報道機関も天気予報だけでなく火山の情報、注意報の伝達に心を傾けるべし。
――同じ予報でも、気象情報の場合は、注意報、警報は恐れのあるときに頻繁に出されている。また登山者も情報にアクセスしやすい。
ところが火山の場合は、今回は、7年ぶりの地震活動の活発化がとらえられていたのに、登山者に届きませんでした。
3回出された「解説情報」も、登山口や山小屋で生かされなかった。小屋に待機しただけでも助かった人がいたし、高校生ら17人パーティーも事前に「解説情報」に接していれば、登山を思いとどまったり、安全な装備や行程を検討することもできた可能性があります。
噴火か否か、即断できなくとも、前回噴火いらいの「異変」が起こっており、気象庁と火山噴火予知連とが、その推移に警戒・注目していることが、あらかじめ情報として伝えられれば、登山者の側では登山の実施の再検討、パーティーの構成や装備面、ルートの検討など、いろいろな対応が可能です。

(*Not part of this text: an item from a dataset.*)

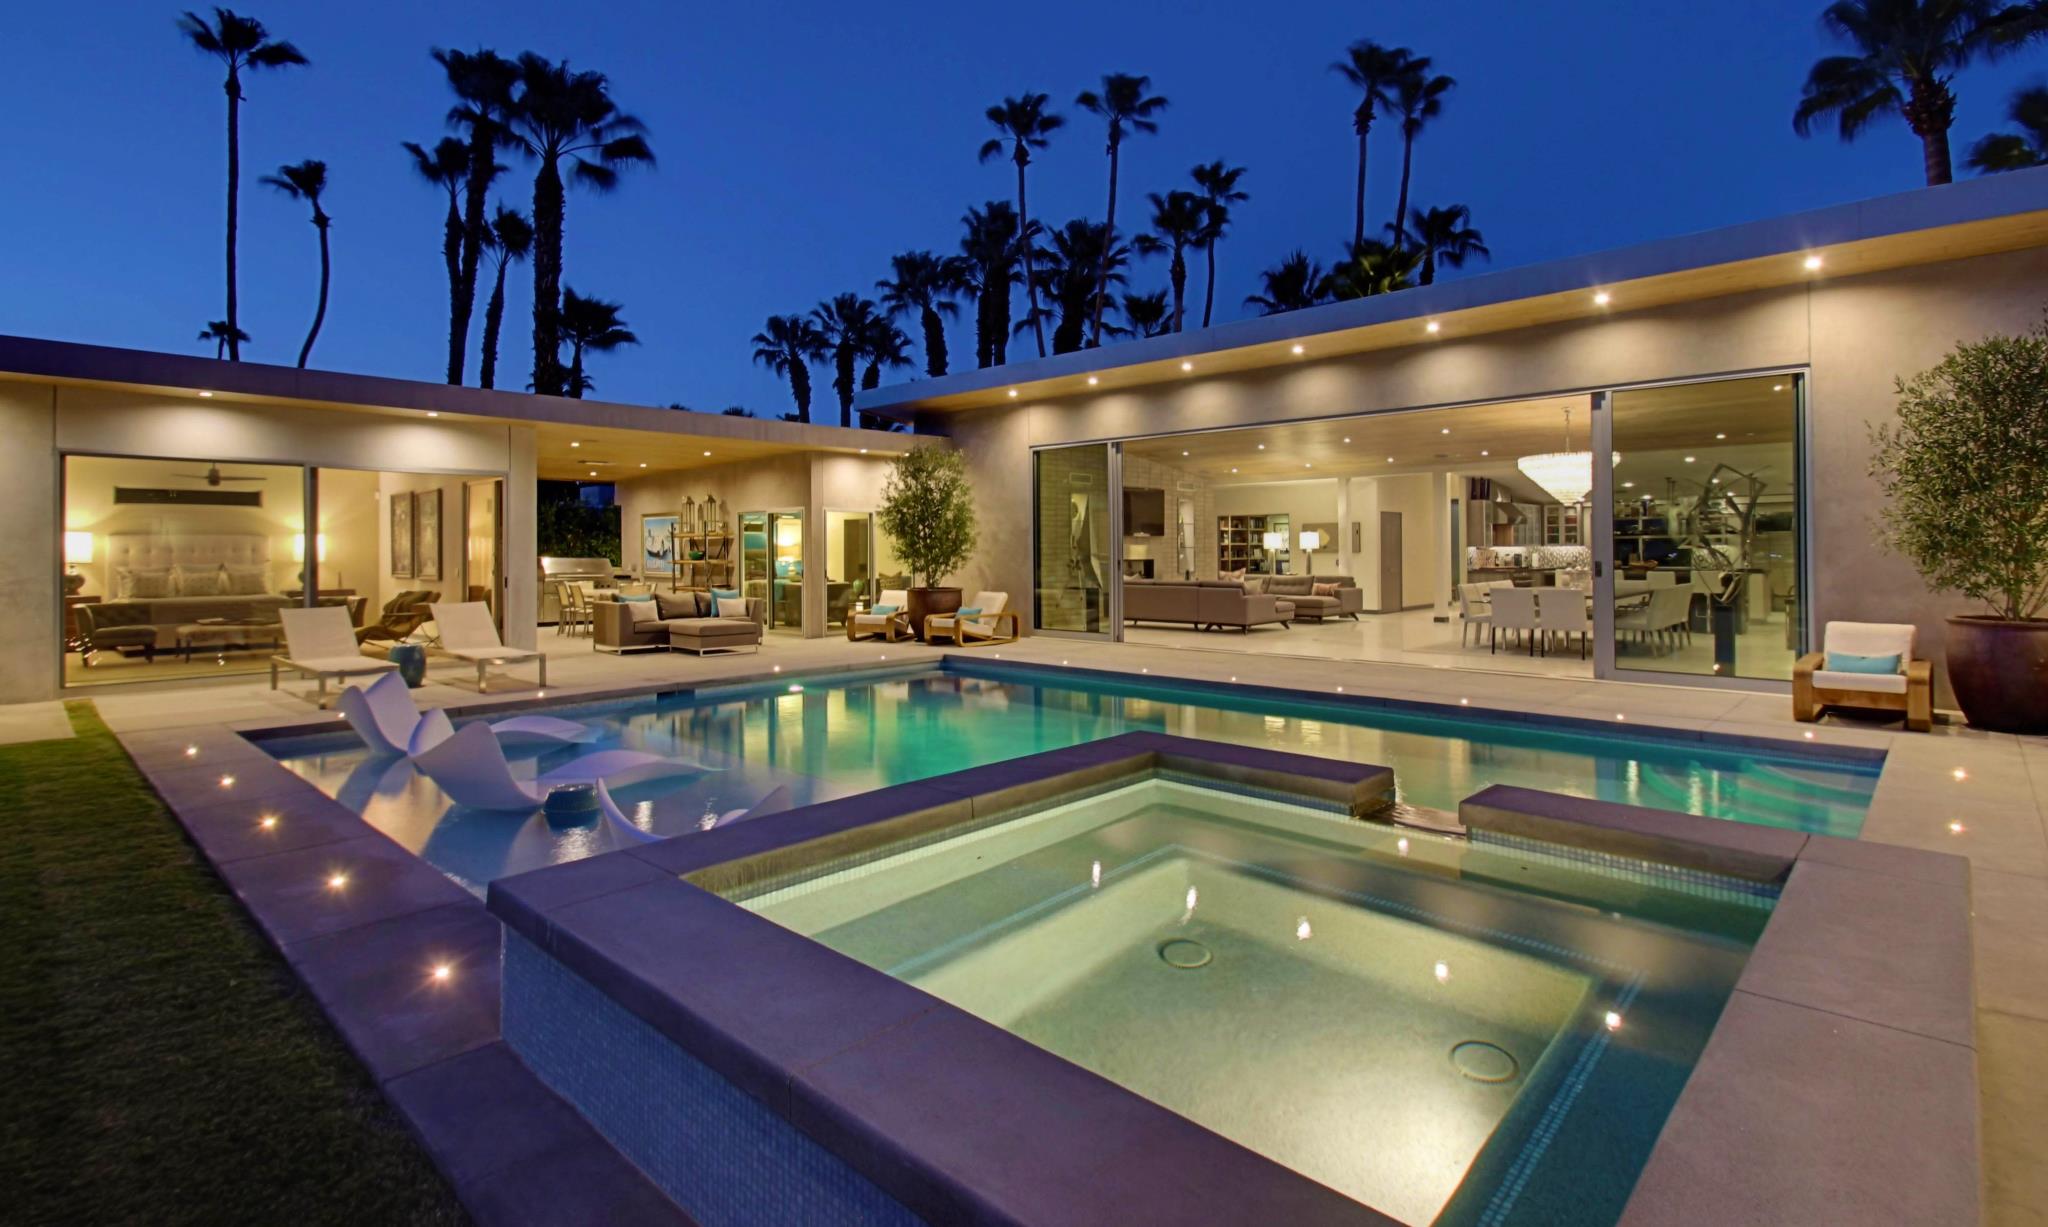 Luxury Homes from Leading Real Estate Companies of the World

(3)根本的な問題として、火山観測体制の弱体化、担当係官減らしがある。日本列島の地殻変動が新しい段階にすすんでいるいまこそ、監視体制を後退させるのではなく、抜本的な充実を求める。
――2009年に、110の活火山のうち47火山を「観測体制を充実する火山」と決めたのに、その大半は一部機器のテレメトリー監視(全国4つのセンターにデータ送信)だけで、この体制も観測機器の設置・更新の途上だった。各地の管区気象台では、5人の職員が24時間2交代で、これもテレメトリーによる監視を続けています。
また大学の独立法人化で予算が減らされて、専門研究者が監視・観測を担当する火山も34火山から5山、研究者数は全国で40人程度までに減らされました。
そのため、今回の御岳山の場合も、異変があっても現地での要員と機材の投入へ進めず、噴火前日から当日にかけて傾斜計がとらえた山体の膨張も、噴火後に確認・報道される結果になりました。
(観測体制に「穴」があったことは、その後も明らかになってきています。
御岳山では、合計13箇所に地震計が設置されてきました。気象庁の2基の地震計のうち、1つは、地表に設置されてきたため、風などのノイズが多いもの。名古屋大学、長野県、岐阜県もそれぞれ地震計を設置してきました。2県が設置した5カ所の地震計のうち、3カ所が、噴火時は老朽化や、電源確保ができないなどの事情で、動いていませんでした。停止していた3カ所のうち1つは、火口直近の山頂の地震計でした。)
今回の犠牲者は、余りにも多すぎます。問題は、情報提供とそのための火山の監視という点で、いまできる万全の対策がとられて、今度の結果が生まれてしまったのではないことです。
観測体制の問題では、火山性地震の増加の段階で、「機動観測班」(全国を4カ所の監視センターに置かれている)と観測機器を現地に送り出し、地温と噴気の観測、硫化水素ガス測定等をすすめるべきでした。その体制をとれば、1週間余りの活動期間のなかで、地震計の不備などを補う観測や、傾斜計が示した噴火前日から当日にかけての山体膨張も、現場でより総合的に検討された可能性があります。
噴火は火山ごとに、その予兆にしばしば個性やクセがあり、サインも異なります。事前の監視に穴があって、その予兆のサインを得られなければ、数年から十数年後にくる次の予兆もゼロからの監視になってしまいます。
このままの監視体制では、富士山をはじめ、全国の火山監視が心もとない。
地震・火山列島は、いま動乱の時期にさしかかっている。火山のそばで暮す地元の方々と、登山者に的確な情報を提供できるように、火山の監視・観測体制の充実とそれを基礎とした研究・監視の発展を望みたいです。
10月4日追記
今朝の6時台のNHKニュースで、私も以前にお話をうかがったことがある北大の岡田先生が、「地震が検知されているのに、レベル1のままでは平常、なにもないという(警報の)ままになるでしょう。それではいけないんです」と語っていました。火山ごとの予兆の特徴に即して、警報をださねばならない、とも述べていました。まったく同感です。